Your best bet is to do some study and research, I can answer a few questions, but for you to get a good understanding you need to do the study, the few questions I can answer will not give you the kind of education you will get on your own when you study it yourself.

Silver Ag dissolved in nitric acid HNO3 makes silver nitrate AgNO3, we can get the silver back several ways, with a displacement reaction using a metal higher in the reactivity series of metals like copper, this will give us a silver metal powder, the copper replaces the silver from solution as a silver metal powder we call silver cement (we also call this process cementing silver from solution with copper).

2AgNO3 + Cu --> Cu(NO3)2 +2Ag (S)

Whenever possible this is my choice method to get the silver from the nitrate solution, as it is metallic silver and can be easily melted after washing the contaminants, note copper will also cement palladium or platinum if it is involved in the silver nitrate, these will normally cement latter in the process after most of the silver, for me this would not be a problem as I can recover them from the silver when it is purified in the silver cell later.

Silver Ag can be recovered from nitric acid HNO3 as silver chloride AgCl, by using sodium chloride, NaCl (table salt), hydrochloric acid HCl, or other chlorides like potassium chloride...

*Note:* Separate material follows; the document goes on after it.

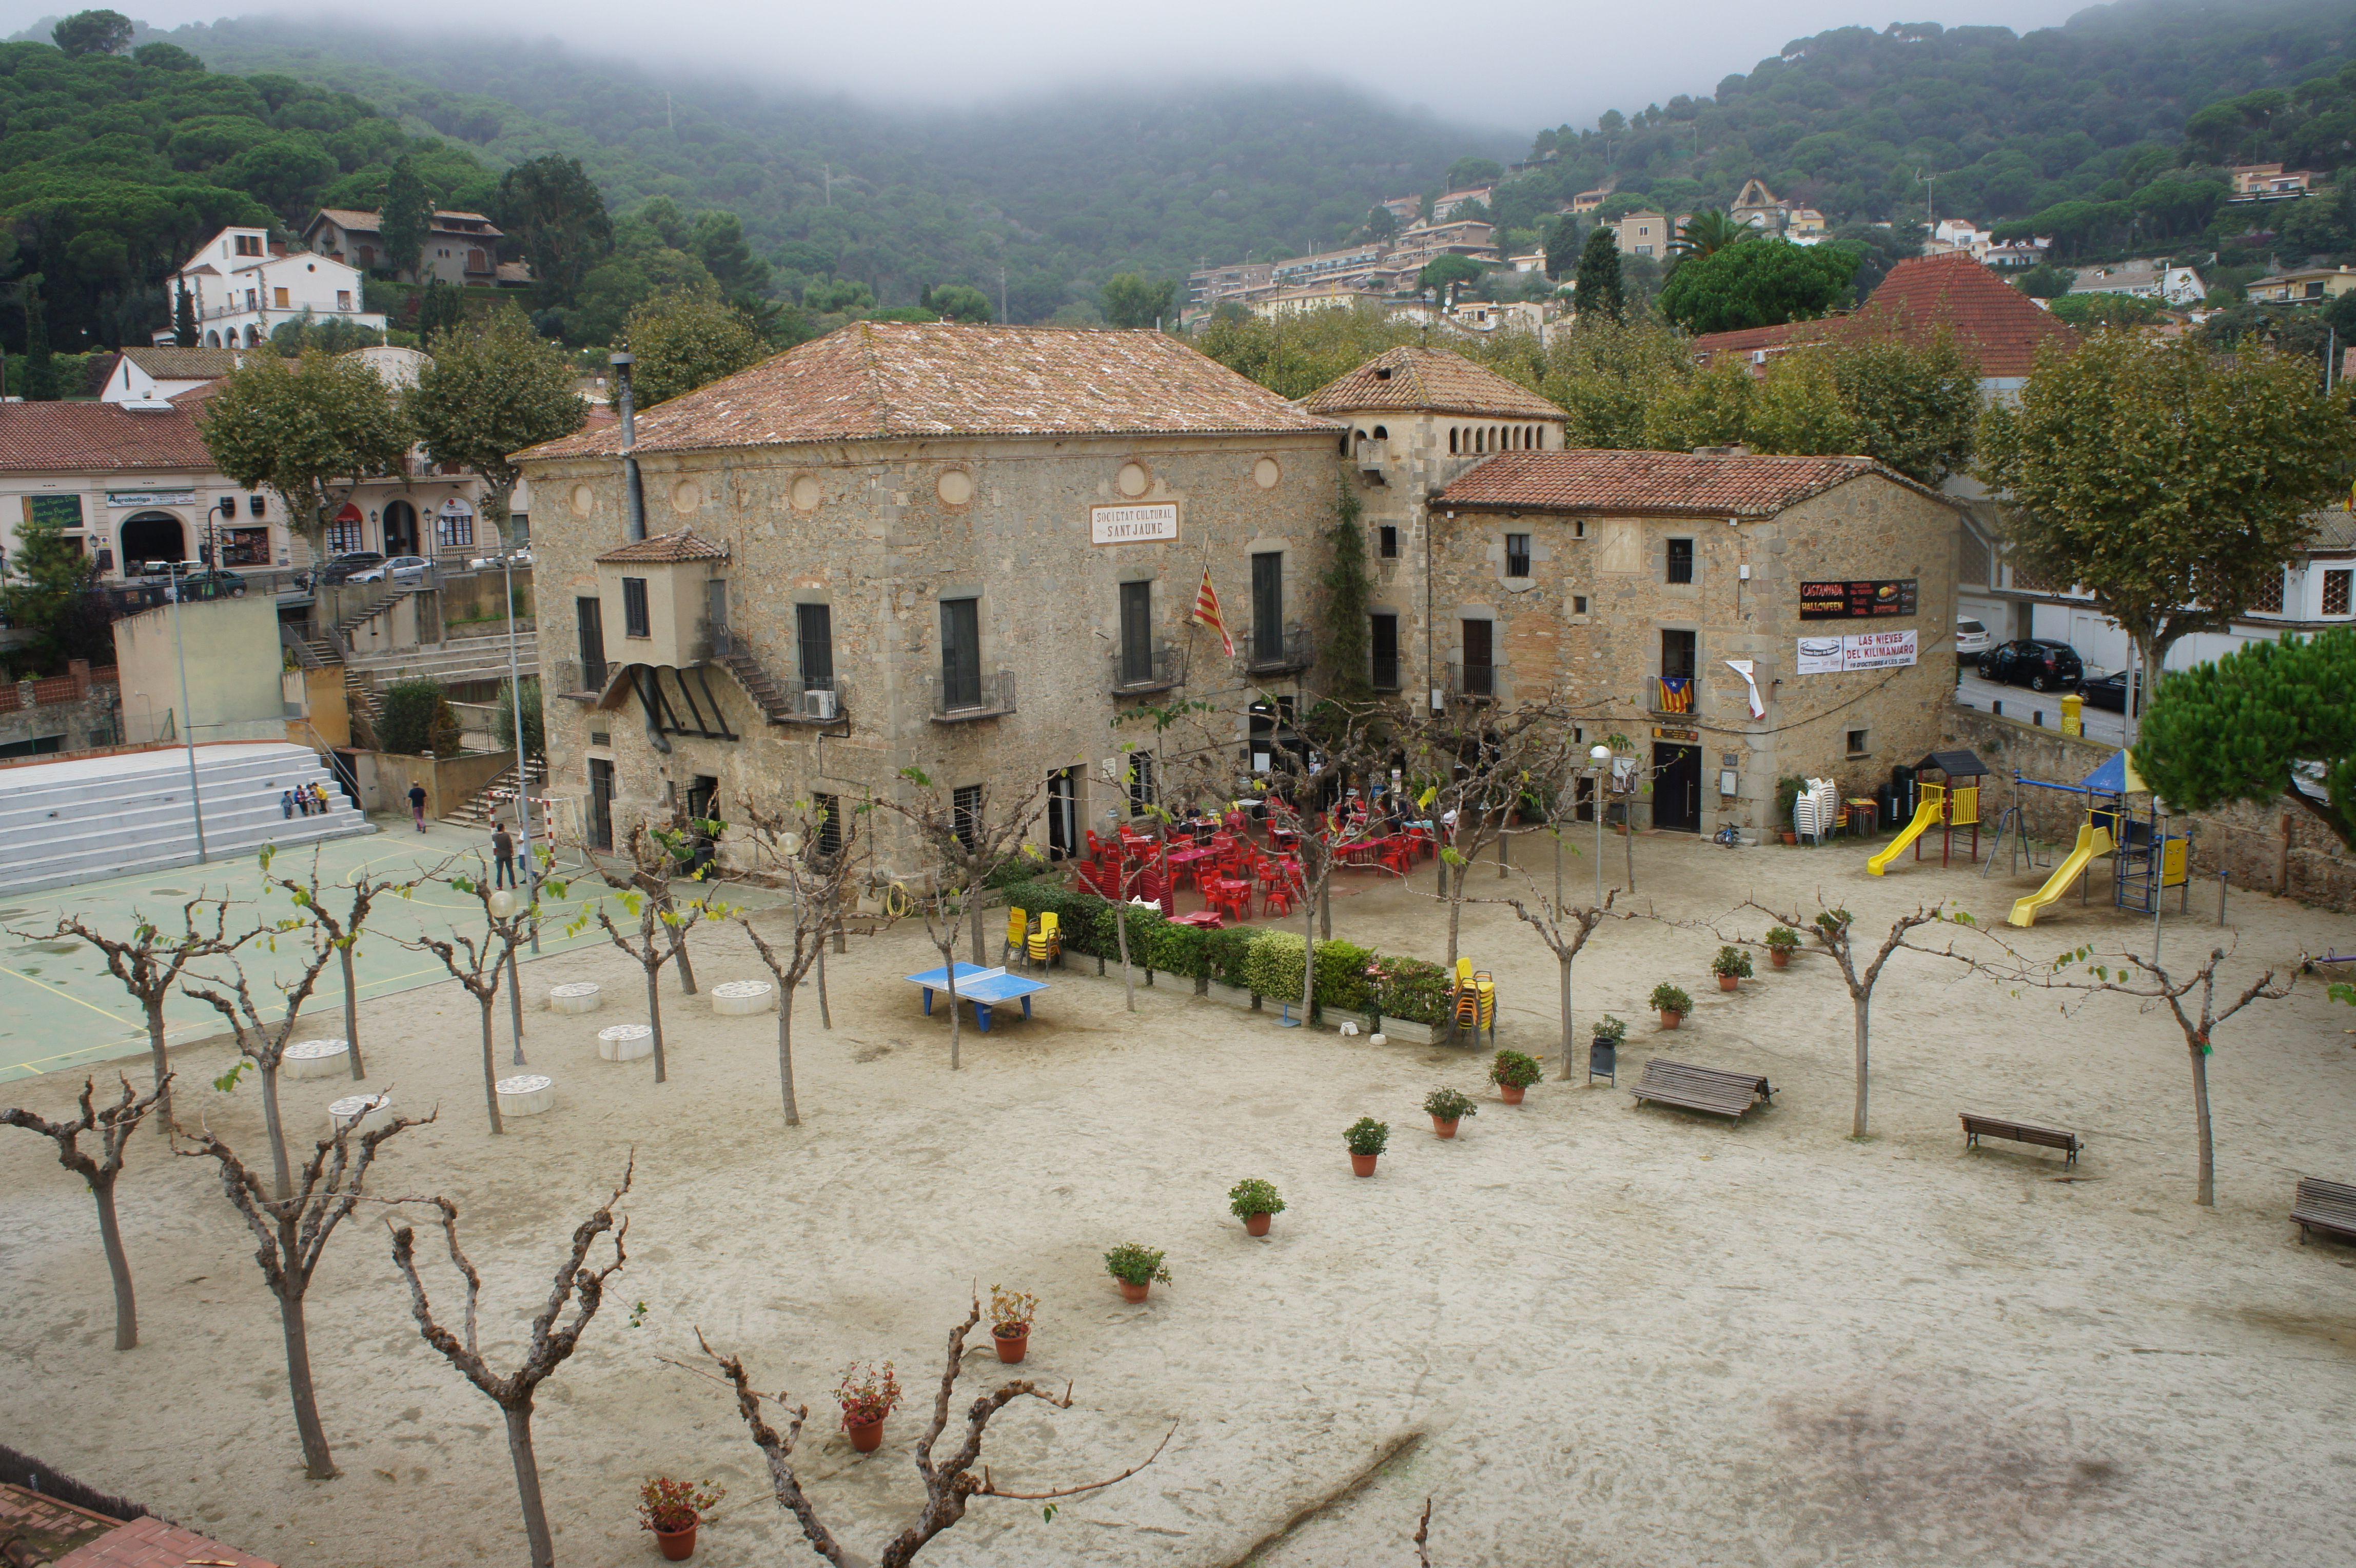 Societat Cultural Sant Jaume, Premiá de Dalt http://www.scsantjaume.cat/

AgNO3 + NaCl --> AgCl + NaNO3
AgNO3 + HCl --> AgCl + HNO3
AgNO3 + KCl --> AgCl + KNO3

The silver chloride is a white insoluble powder, drying it is not advised (it makes conversion to metal very difficult later, normally it should not be melted as silver chloride , silver chloride is volatile in the high temperatures needed, so silver will go up in smoke, it can be melted with sodium carbonate and charcoal but even when melted this way there will be losses (some say 3% to 7% silver loss even with this method, how much of your silver that goes up in smoke will be determined on how the melting process is done)...

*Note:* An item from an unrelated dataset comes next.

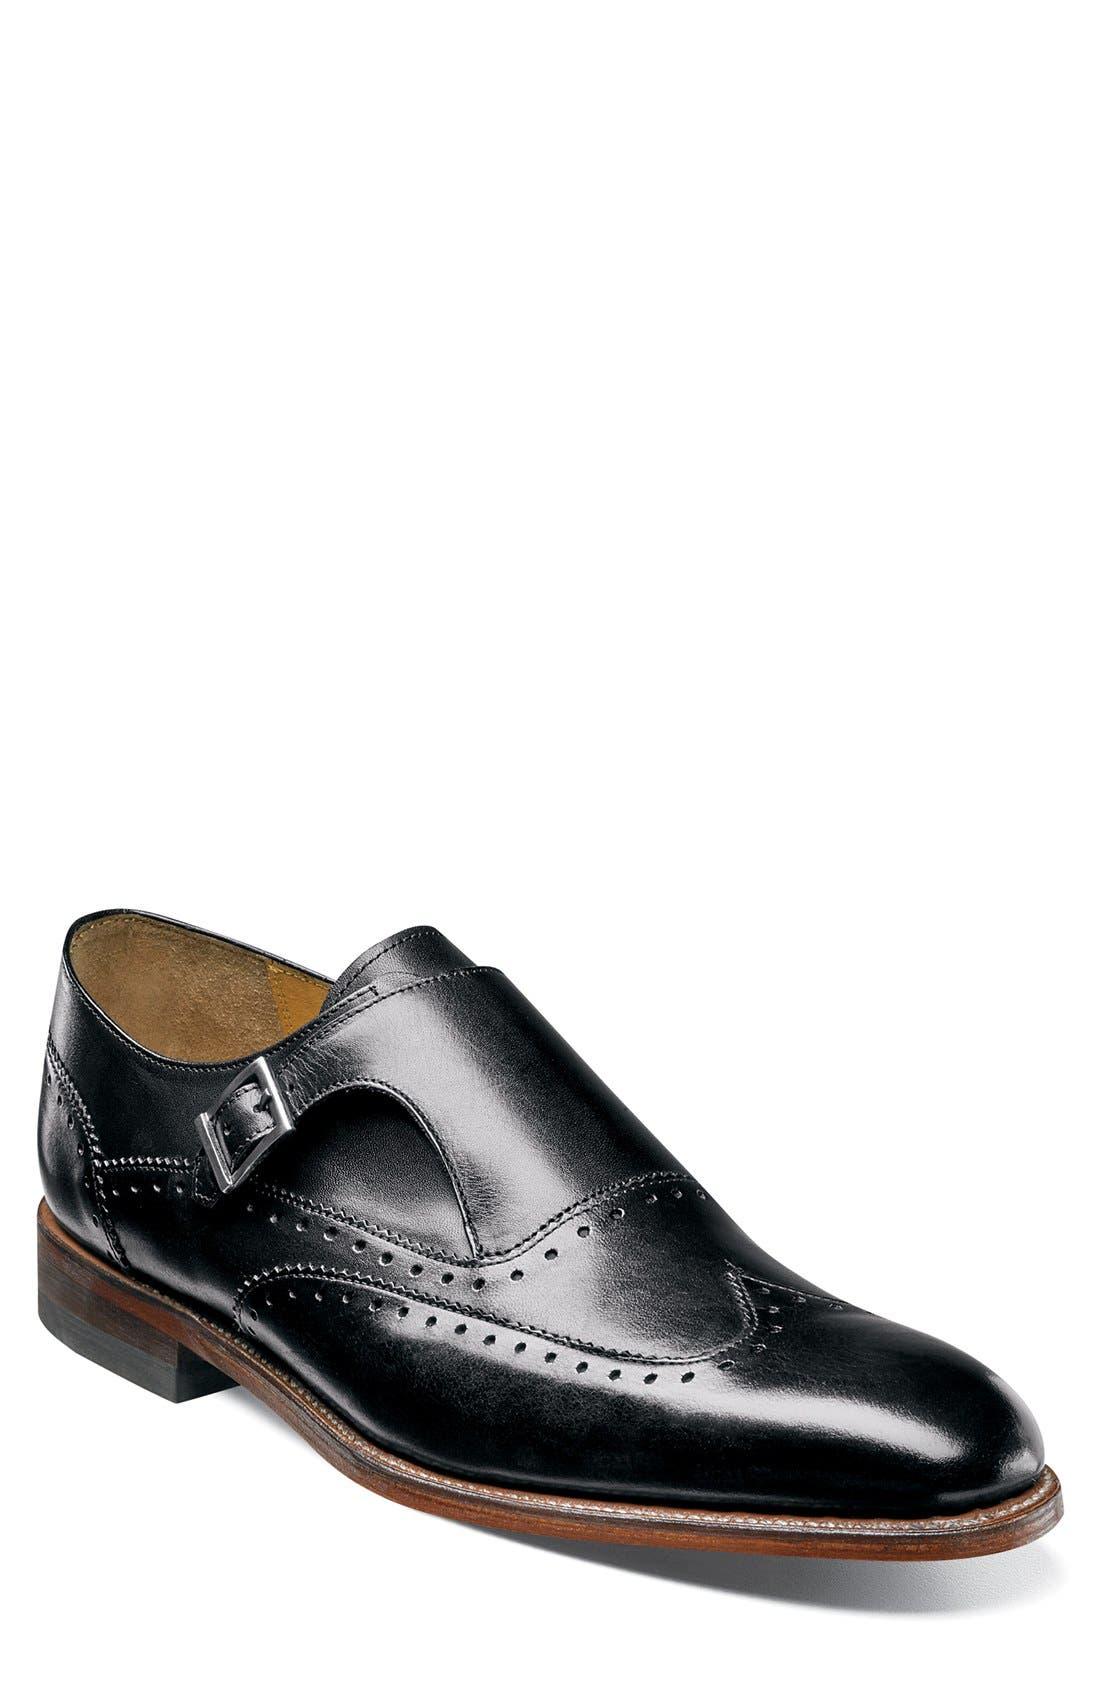 Madison II Monk Strap Shoe,                         Main,                         color, Black

silver chloride can be converted to silver metal, there are several processes this can be done with, a few common methods. Silver chloride with sodium hydroxide and karo syrup. Or silver chloride with a dilute sulfuric acid and iron metal. Or silver chloride with dilute HCl and aluminum, then there are more methods that can be used for conversion that are less common.

Normally if you have to (or for some reason choose to make silver chloride), you are best off keeping it wet and converting it back to silver metal before melting it.

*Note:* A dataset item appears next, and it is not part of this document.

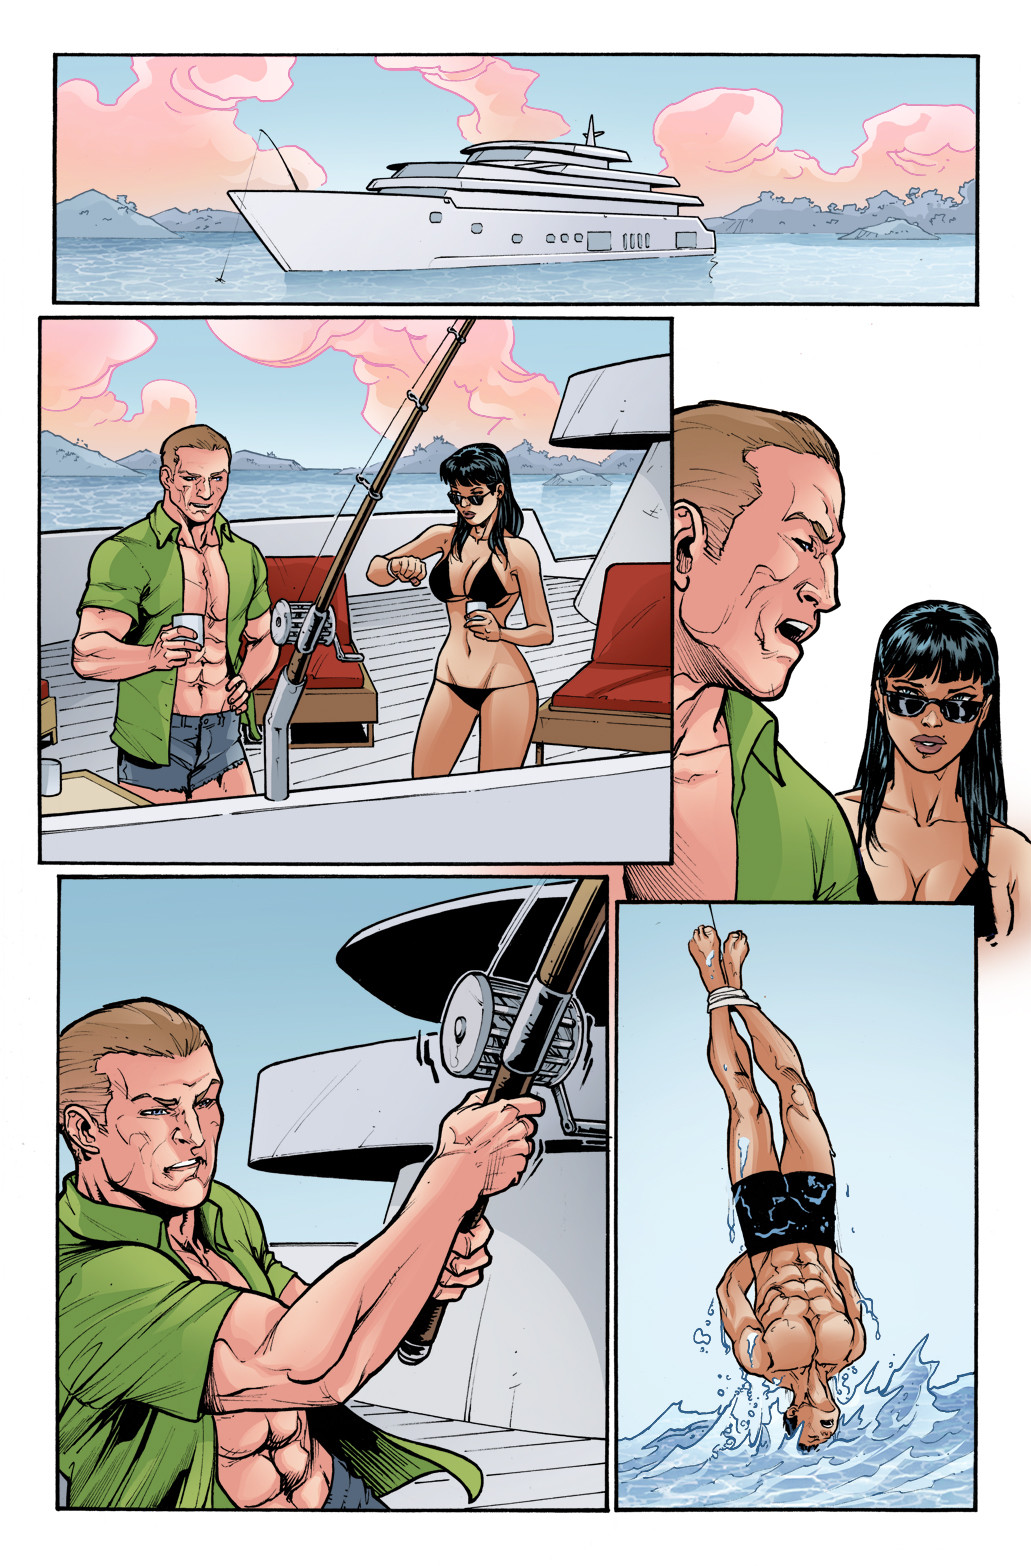 3 GUNS - #4, page 10

Note silver as silver chloride is not the only precious metal that can vapor off in a melt with chlorides, gold is also volatile and can go up in smoke in a melt with chloride salts...


----------



## jam353wih (Feb 16, 2014)

Butcher, thanks very much for your assistance and advise. i will do some study first and then come back to you later especially to get a list of what equipment and reagents that will be used for refining my silver. 

thanks 
james


----------



## Akshay (Feb 23, 2020)

Which process is best to refining silver 
By making it silver chloride or by adding copper


----------



## nickvc (Feb 23, 2020)

If you want high purity silver then go for silver chloride as cementing with copper usually leaves some copper in the silver but converting chloride completely comes with its own problems.


----------



## Akshay (Feb 23, 2020)

But i heard that cementing silver with copper will cost more wastage than chloride


----------



## rickbb (Feb 24, 2020)

Refining implies that you already have metallic silver and want to "purify" it. 

If so then you want to look at a electric cell such as a thrum cell.

https://www.quora.com/What-is-a-thum-cell?share=1


----------



## Akshay (Feb 25, 2020)

thank you guys


----------



## Arthur Brown (Feb 29, 2020)

When you have silver chloride (any halide) simply complex it in sodium or ammonium thiosulphate and electrolyse the silver onto a stainless cathode against a carbon anode. Machines for the recovery of silver from photographic fixer may be available, patents and other documents will be searchable.


----------



## Akshay (Mar 5, 2020)

Will try that thank you


----------